Parenting guilt and shame are so common, pervasive and powerful. Many parents live with an all or nothing or “fixed” mindset. Contrast to a “growth mindset”, a fixed mindset experiences failure or mistakes as once and for all, the end. If you are not consistently perfect immediately, then there is no point in continuing to try. 


In this space, we cannot access the gifts of guilt or the purification of grief. In fact, we are shut down within and dismiss any opportunity to grow.


What has created generations of parents who are unsure about dealing with parental guilt, left feeling unable to make mistakes, to reflect and move forward with a stronger and more clear commitment of core values and desires?


What are the main sources of mom guilt?

If inner happiness is the greatest gift we can give our children, then many parents are presented with the challenge of a lifetime. 


Imagine, millions of parents right now tripping over themselves as they compete in the mental Olympics required in order to sift through guilt and shame laden thoughts. First, we have to acknowledge the thoughts that are having us feel guilty about parenting mistakes. 


I’m not doing enough.” 


I’m not giving my child what they need.” 


My mistakes are mounting during the most important years of my child’s life.” 

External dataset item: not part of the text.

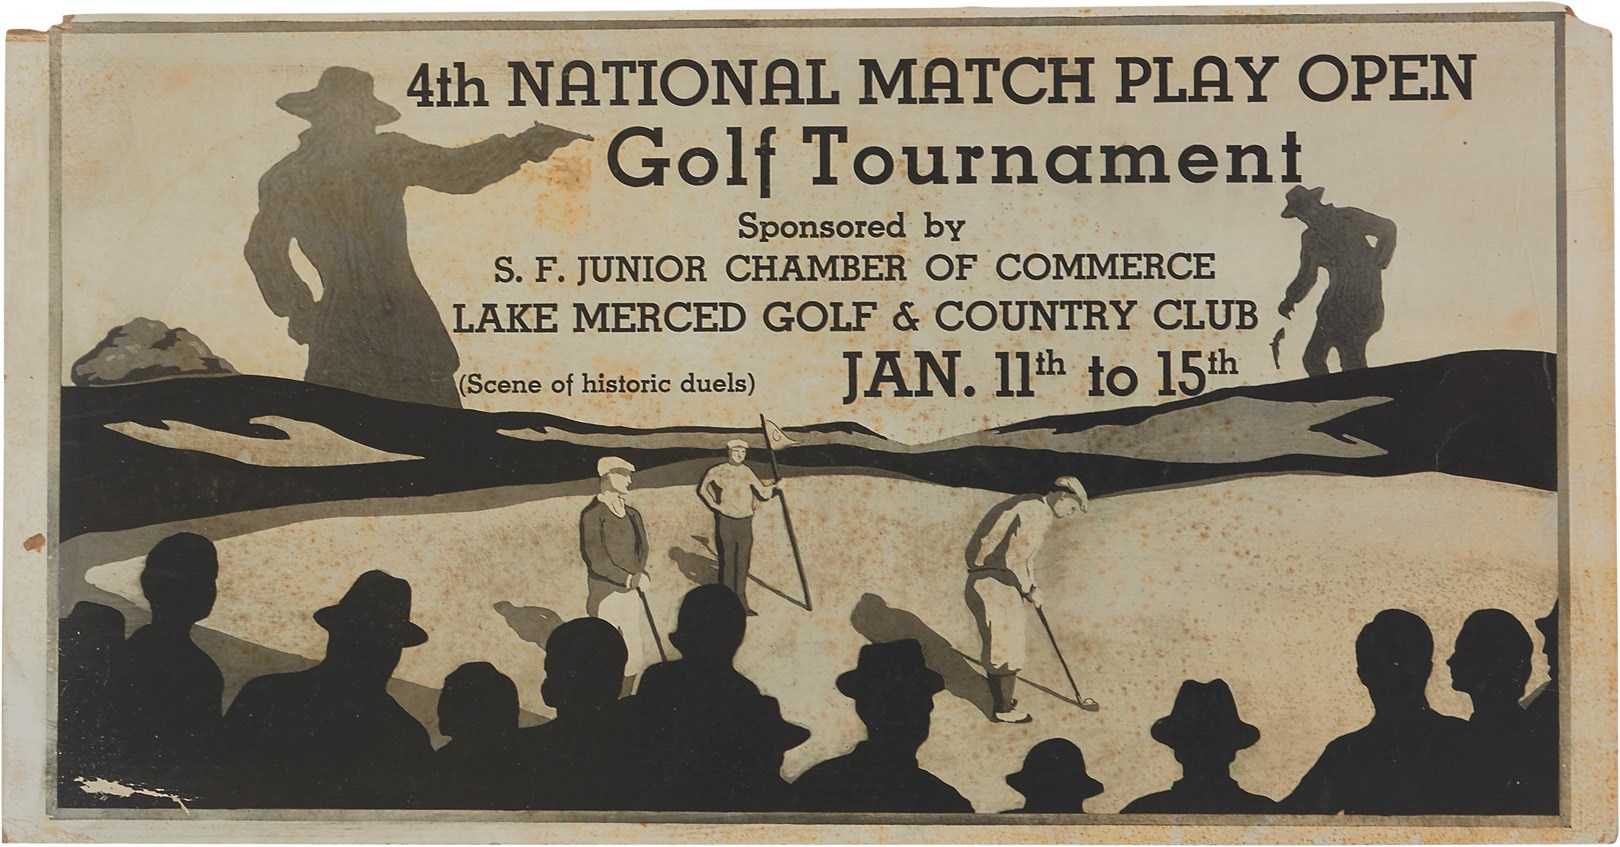 Olympics and All Sports - 4th National Match Play Open Golf Championship Poster

I have no idea what I’m doing.”


It can take a herculean effort to climb and pierce through this internal summit. To move through guilt in a productive way and emerge on the other side with greater clarity and dedication to yourself, your authentic calling as a parent, and your connection to your children.


Especially for parents who are actively making sense of how they were parented and choosing a different path for your own children, with regression into what we call “power over” parenting tools and techniques, mistakes are inevitable. 


You may find yourself fumbling about in the somewhat eternal abyss of: “am I doing this right?!” If you’re nodding your head right now, feeling so seen, then stick with us. Let’s work together to find your “flashlight” so to speak, through the dark caverns of parental guilt. 


We will make sense of shame, soften our defense to not ever feeling guilt, and learn how to grieve productively so we may welcome guilt as a guide.


How do you deal with feelings of guilt?

First it’s important to define what parenting guilt is for you. 


What does shame feel like for you? In order to access the opportunity for growth that guilt can provide, we must ANCHOR through our shame.


The first step is connecting to the physical sensation of shame and naming it for what it is. Return to the opening scenario, a parent locking themselves in the bathroom after slipping back into power and control over their children. 


A note on their mirror tells them to “forgive yourself”, but their brain cannot comprehend that invitation. First, their body must be experienced and felt exactly as it is.


This parent could say aloud, in conjunction with a body-soothing tool: “my body is overcome with shame. A part of me believes that I am a bad, wrong, and inherently worthless person. This feels true right now, because I feel so guilty for what I did. But it’s not the TRUTH. I will get through this”.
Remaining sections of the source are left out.